**Entries shown**
^^^^

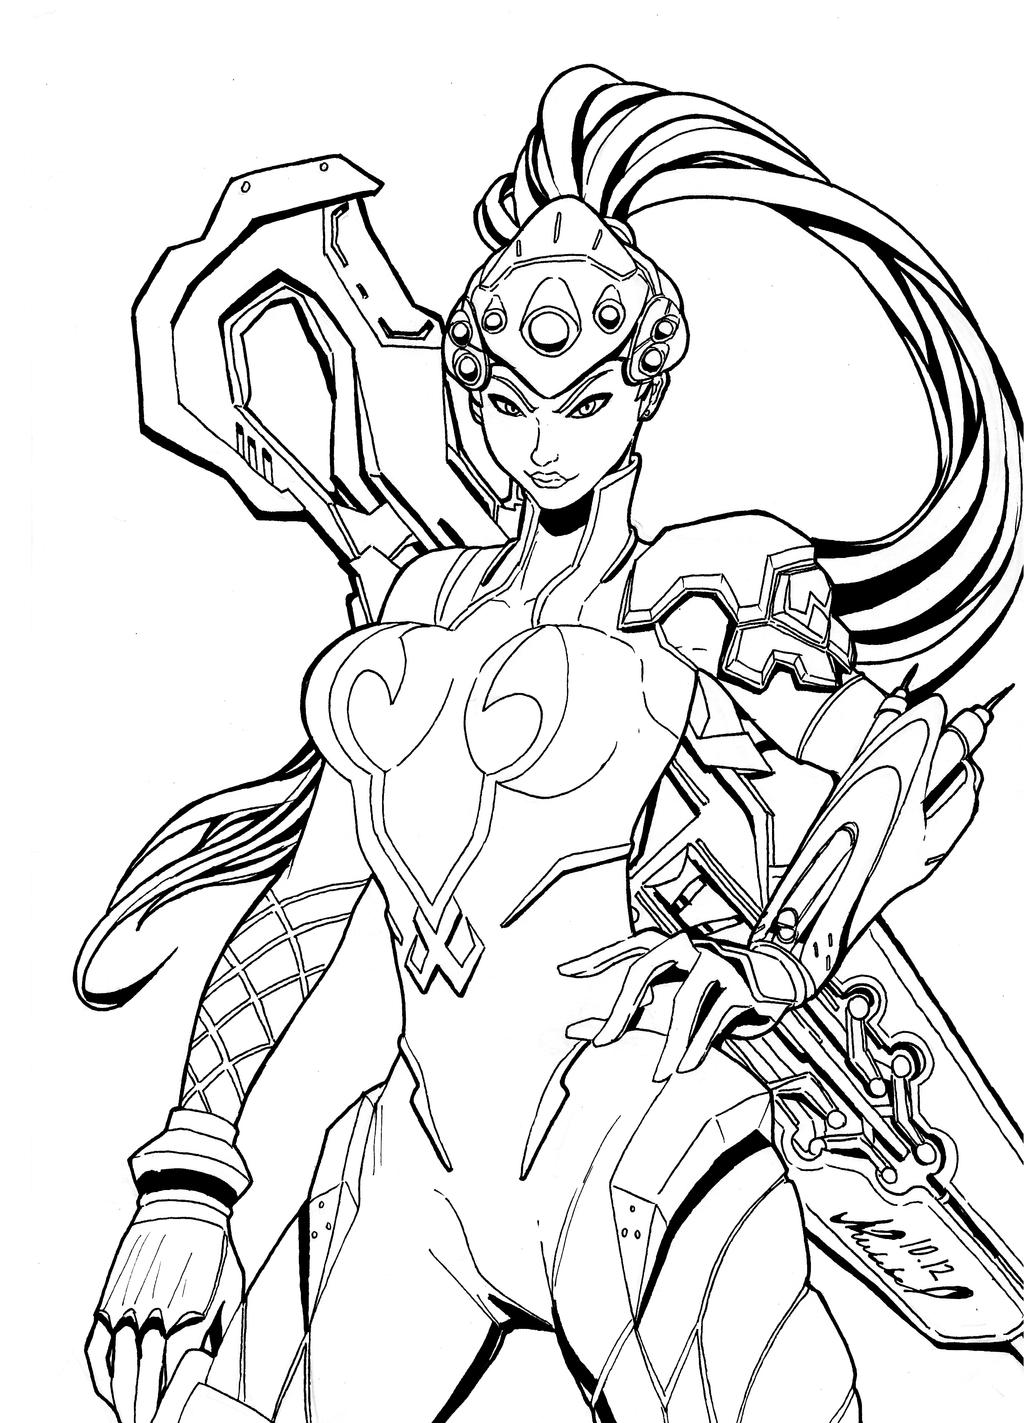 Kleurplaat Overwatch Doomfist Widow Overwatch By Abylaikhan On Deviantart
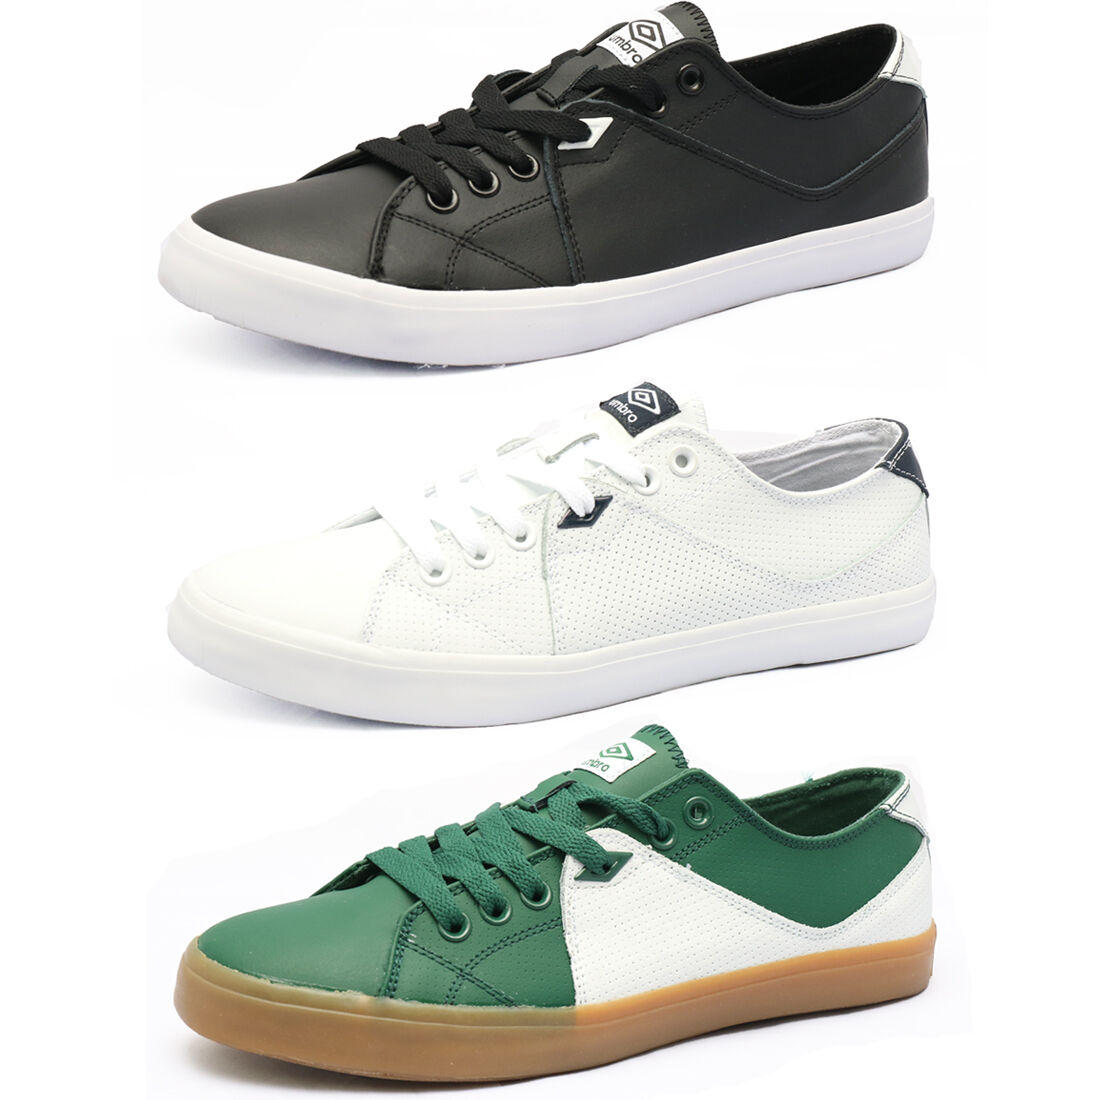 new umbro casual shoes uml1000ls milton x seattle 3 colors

^^^^

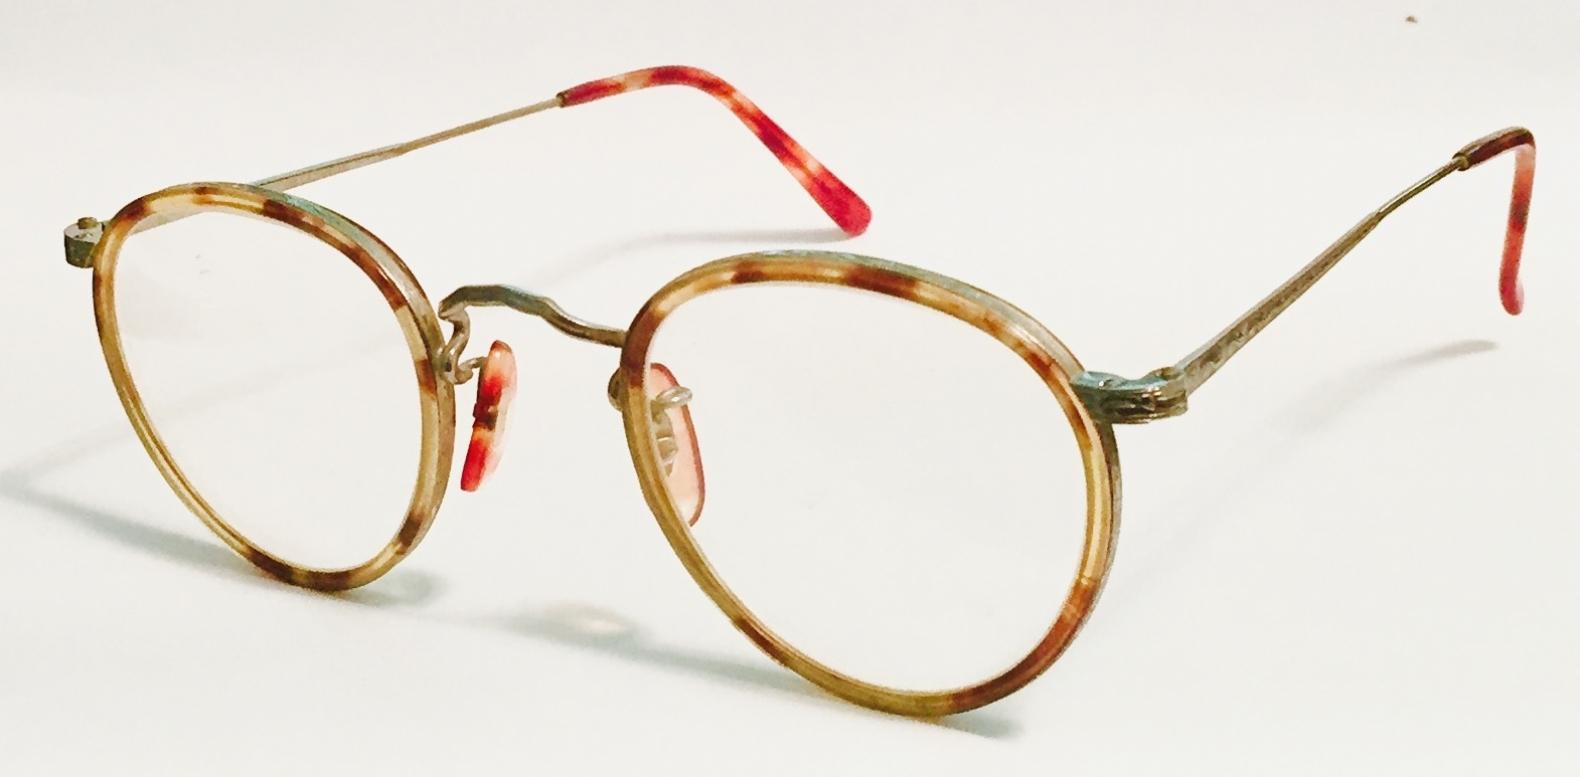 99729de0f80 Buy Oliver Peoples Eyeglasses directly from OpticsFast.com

^^^^

**Prompt**
Copy the lines above exactly, starting at the one with "Kleurplaat Overwatch Doomfist" and ending at the one with "new umbro casual", both included. Leave out any pictures and add nothing else.

**Your solution**
 Kleurplaat Overwatch Doomfist Widow Overwatch By Abylaikhan On Deviantart
 new umbro casual shoes uml1000ls milton x seattle 3 colors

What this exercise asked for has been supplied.